Stockholders’ Equity

Stockholders’ Rights Agreement

On April 26, 2012, the Company entered into an Amended and Restated Rights Agreement between the Company and Computershare Shareholder Services LLC as the rights agent (as amended, the “Restated Rights Plan”). The Restated Rights Plan governs the terms of each right (“Right”) that has been issued with respect to each share of common stock of Extreme Networks. Each Right initially represents the right to purchase one one-thousandth of a share of the Company’s Preferred Stock.

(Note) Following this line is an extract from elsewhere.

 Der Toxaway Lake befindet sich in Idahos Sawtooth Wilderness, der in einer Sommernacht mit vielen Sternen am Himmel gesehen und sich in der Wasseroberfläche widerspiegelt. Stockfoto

The Company’s Board of Directors (the “Board”) adopted the Restated Rights Plan to preserve the value of deferred tax assets, including net operating loss carry forwards of the Company, with respect to its ability to fully use its tax benefits to offset future income which may be limited if the Company experiences an “ownership change” for purposes of Section 382 of the Internal Revenue Code of 1986 as a result of ordinary buying and selling of shares of its common stock. Following its review of the terms of the plan, the Board decided it was necessary and in the best interests of the Company and its stockholders to enter into the Restated Rights Plan. Each year since 2013 the Board and stockholders have approved an amendment providing for a one-year extension of the term of the Restated Rights Plan.  The Board unanimously approved an amendment to the Restated Rights Plan on May 8, 2020, to extend the Restated Rights Plan through May 31, 2021, which was ratified by the stockholders of the Company at the annual meeting of stockholders on November 5, 2020.

Equity Incentive Plan

The Board unanimously approved an amendment to the Extreme Networks, Inc. Amended and Restated 2013 Equity Incentive Plan (the “2013 Plan”) to increase the maximum number of available shares by 7.0 million shares.  The amendment was approved by the stockholders at the Company’s annual meeting of stockholders held on November 7, 2019.

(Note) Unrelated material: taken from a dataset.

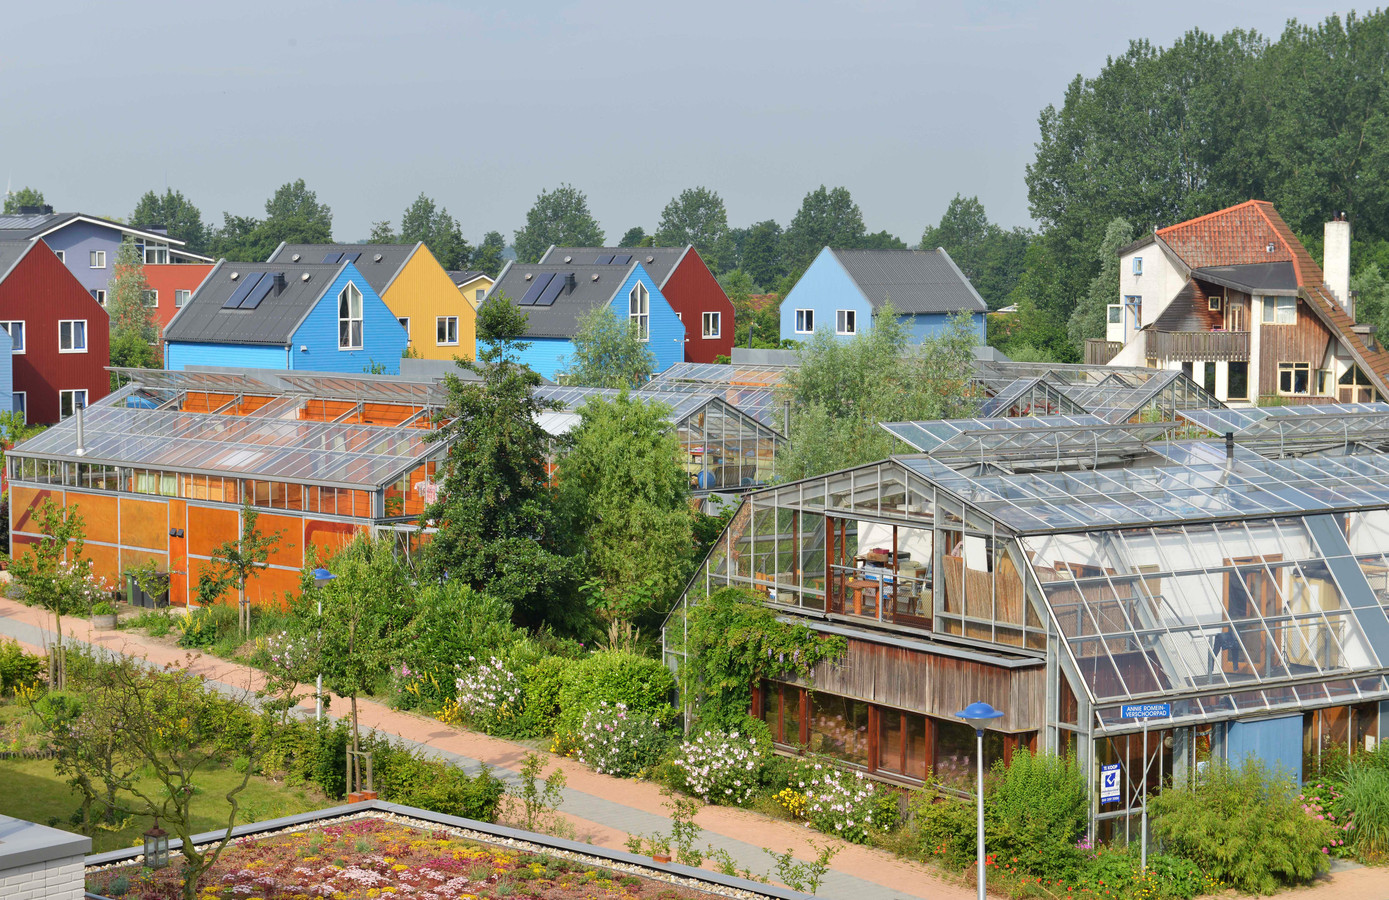 Houtskeletbouw en energiezuinige woningen in Lanxmeer, op de voorgrond experimentele kaswoningen.

Employee Stock Purchase Plan

The Board unanimously approved an amendment to the 2014 Employee Stock Purchase Plan (the “ESPP”) to increase the maximum number of shares that will be available for sale thereunder by 7.5 million shares.  The amendment was approved by the stockholders of the Company at the annual meeting of stockholders held on November 8, 2018.

Common Stock Repurchases

On November 2, 2018, the Company announced the Board had authorized management to repurchase up to $60.0 million of the Company’s common stock over a two-year period from the date of authorization. Purchases may be made from time to time through any means including, but not limited to, open market purchases and privately negotiated transactions. In February 2020, the Board

increased the authorization to repurchase by $40.0 million to $100.0 million and extended the period for repurchase for three years from February 5, 2020. A maximum of $30.0 million of the Company’s common stock may be repurchased in any calendar year.

There were no shares repurchased during the three and nine months ended March 31, 2021.